The minimum acceptable operating window is set at 15%, based on 5% for regulation of the EPU/UPS power modules, 5% for inaccuracies and 5% to ensure that the system is not working at the limit of its capability. The minimum safety margin for the uplink path is 13.9 dB.

Taking the minimum acceptable safety margin to be 6 dB and a desirable margin to be 12 dB, analysis indicates that the signal distribution system as proposed will allow all modems to operate within their limits. Even under the worst case, all margins remain higher than is required for reliable, error-free communication.

CONCLUSION

For a long-distance tie-in, use of a controls platform between the offshore field and the onshore terminal with a new line for all the available power within the existing umbilical capabilities are preferred. The new line’s power requirements for the subsea control system are equal to or less than the power requirements for normal offshore platform consumption.

Extension of any development requires that it be evaluated as a unique unit requiring power for communication and hydraulic. The evaluation should be based on using the existing facilities and controls to provide the new extension requirement.  
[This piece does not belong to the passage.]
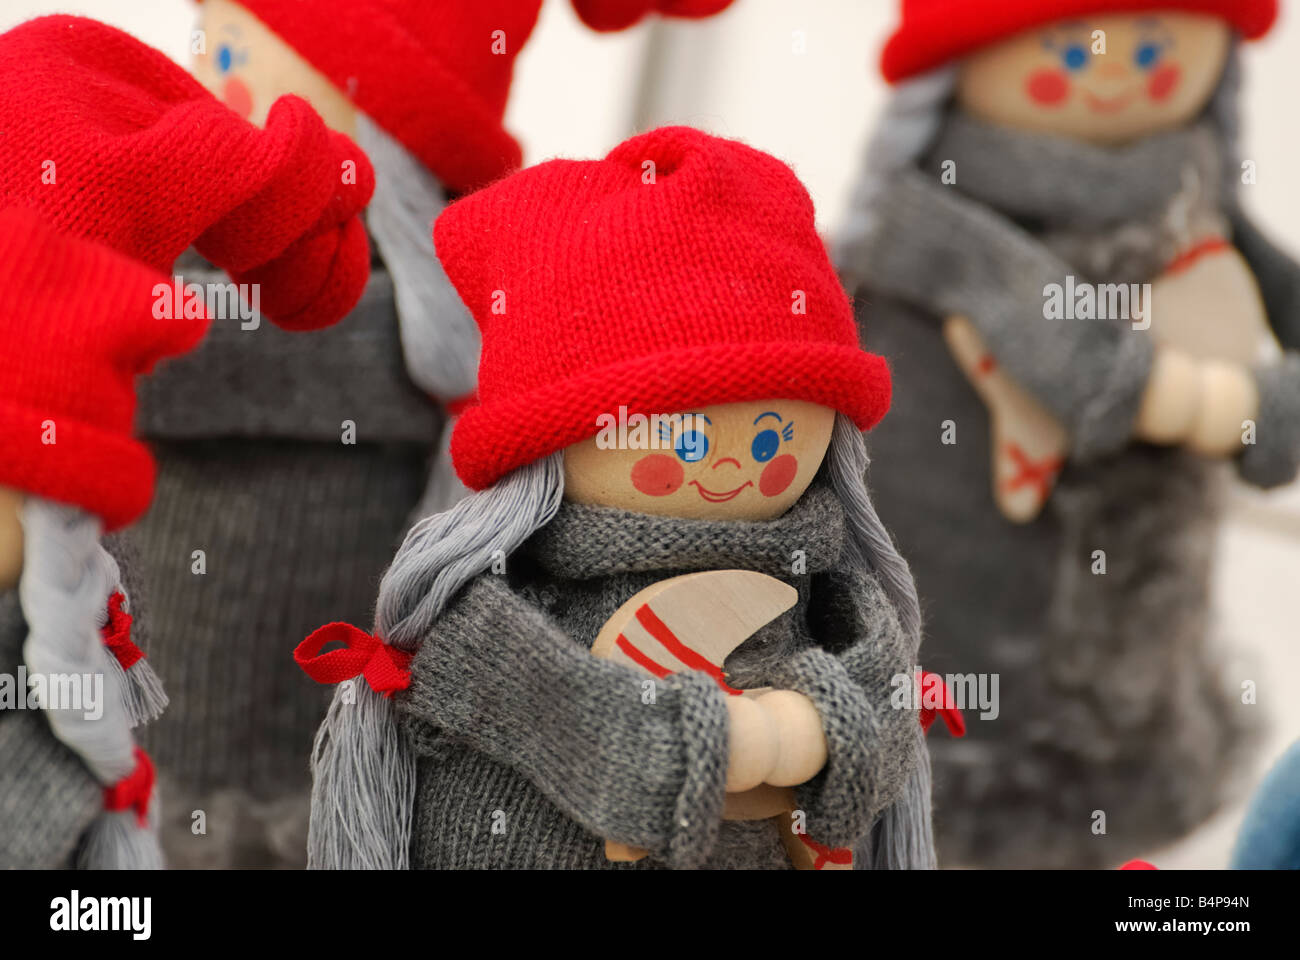 Finnish dolls in red caps Helsinki Finland - Stock Image
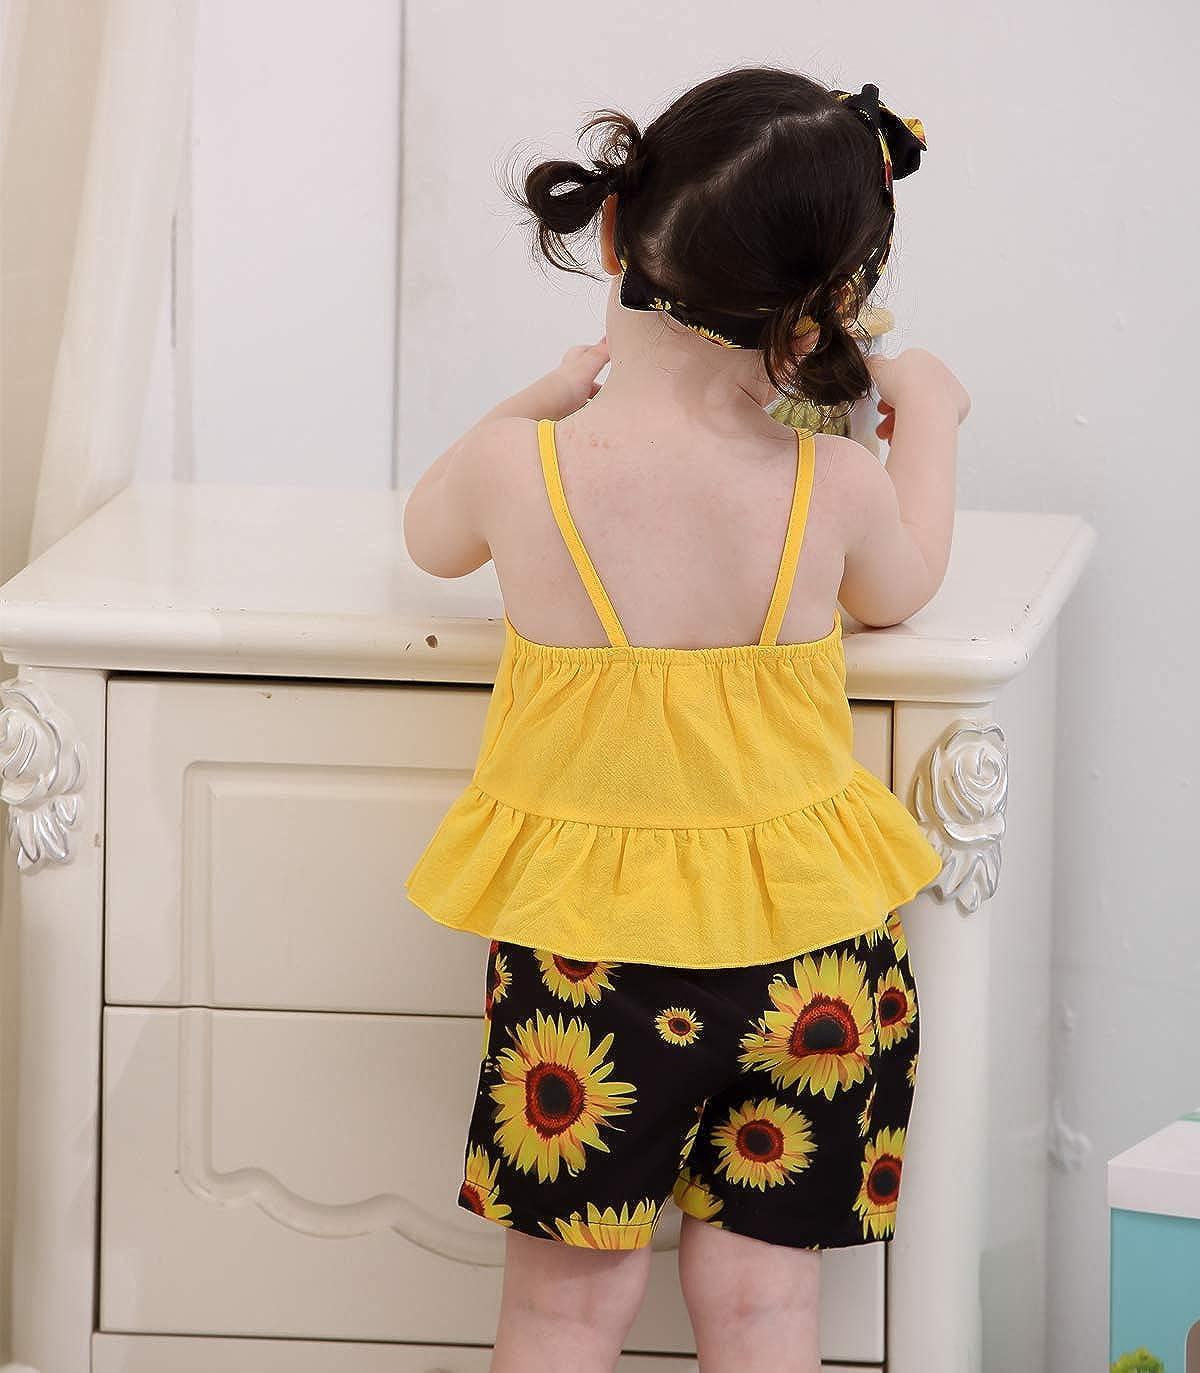 Kucnuzki Toddler Baby Girl Clothes Summer Outfits Ruffle Sleeveless Linen Shirt Kid Short Set for Girl

THE AUTHORS Mamdouh Farouk earned a BSc in electronic engineering from Cairo University. He has 12 years of industry experience beginning as a Control Engineer on the Rosetta project in 1998. This was followed by assignments on the Scarab/Saffron and Simian/Sapphire projects. After being Controls and Tree System Package Manager, he was promoted to Deepwater Equipment Manager-Phase IV project. Farouk is presently Offshore Project Manager for Burullus Gas Co. on the Sequoia project. Mohamed Gaber earned a BSc in electrical engineering from Helwan University. He began his career at Gapco in 1984 in the E&I department and moved to Burullus Gas Co. in 2001. He was Deepwater Equipment Manager through May 2006 when he was promoted to Rosetta Phase III Manager. Gaber is presently Project Manager for the Phase VII development project.